[Data for processing]

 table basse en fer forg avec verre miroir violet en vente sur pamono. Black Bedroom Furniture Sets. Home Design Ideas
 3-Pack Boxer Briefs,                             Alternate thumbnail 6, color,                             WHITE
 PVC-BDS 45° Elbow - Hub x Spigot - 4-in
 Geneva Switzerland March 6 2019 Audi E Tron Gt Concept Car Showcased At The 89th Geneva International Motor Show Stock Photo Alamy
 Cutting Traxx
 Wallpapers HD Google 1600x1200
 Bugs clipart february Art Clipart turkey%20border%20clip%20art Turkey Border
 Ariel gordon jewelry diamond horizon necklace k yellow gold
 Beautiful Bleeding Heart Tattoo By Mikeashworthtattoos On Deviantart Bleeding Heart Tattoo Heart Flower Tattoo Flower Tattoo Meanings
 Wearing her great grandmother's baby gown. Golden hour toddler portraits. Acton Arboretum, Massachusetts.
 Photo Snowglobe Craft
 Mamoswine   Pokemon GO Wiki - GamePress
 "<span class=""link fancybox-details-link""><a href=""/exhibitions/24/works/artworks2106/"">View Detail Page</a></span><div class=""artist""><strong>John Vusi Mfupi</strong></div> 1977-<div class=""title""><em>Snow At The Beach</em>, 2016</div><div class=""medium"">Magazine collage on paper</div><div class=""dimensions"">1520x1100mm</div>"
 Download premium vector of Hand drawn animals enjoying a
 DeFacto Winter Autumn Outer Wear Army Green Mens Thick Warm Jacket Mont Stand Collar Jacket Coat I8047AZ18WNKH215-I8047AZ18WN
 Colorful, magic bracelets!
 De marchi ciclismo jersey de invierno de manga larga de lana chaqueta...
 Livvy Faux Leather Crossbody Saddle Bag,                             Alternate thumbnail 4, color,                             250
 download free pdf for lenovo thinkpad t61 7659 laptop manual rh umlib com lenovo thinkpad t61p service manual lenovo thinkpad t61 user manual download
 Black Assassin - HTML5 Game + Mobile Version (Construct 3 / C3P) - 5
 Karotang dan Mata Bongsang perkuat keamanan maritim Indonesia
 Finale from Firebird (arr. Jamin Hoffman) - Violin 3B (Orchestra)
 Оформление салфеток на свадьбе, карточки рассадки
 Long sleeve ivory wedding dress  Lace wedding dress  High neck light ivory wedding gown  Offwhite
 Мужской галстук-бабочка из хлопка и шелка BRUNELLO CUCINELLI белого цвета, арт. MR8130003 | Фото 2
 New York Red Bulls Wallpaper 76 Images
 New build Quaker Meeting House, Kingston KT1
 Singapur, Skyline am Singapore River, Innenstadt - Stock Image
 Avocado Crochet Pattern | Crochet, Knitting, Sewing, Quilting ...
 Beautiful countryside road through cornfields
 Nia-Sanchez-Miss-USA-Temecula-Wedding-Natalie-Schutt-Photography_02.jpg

[Try it]
In the listing above, find the line with "Colorful, magic bracelets!" and the line with "Livvy Faux Leather"; output exactly those lines and all lines between them.

[Finished exercise]
 Colorful, magic bracelets!
 De marchi ciclismo jersey de invierno de manga larga de lana chaqueta...
 Livvy Faux Leather Crossbody Saddle Bag,                             Alternate thumbnail 4, color,                             250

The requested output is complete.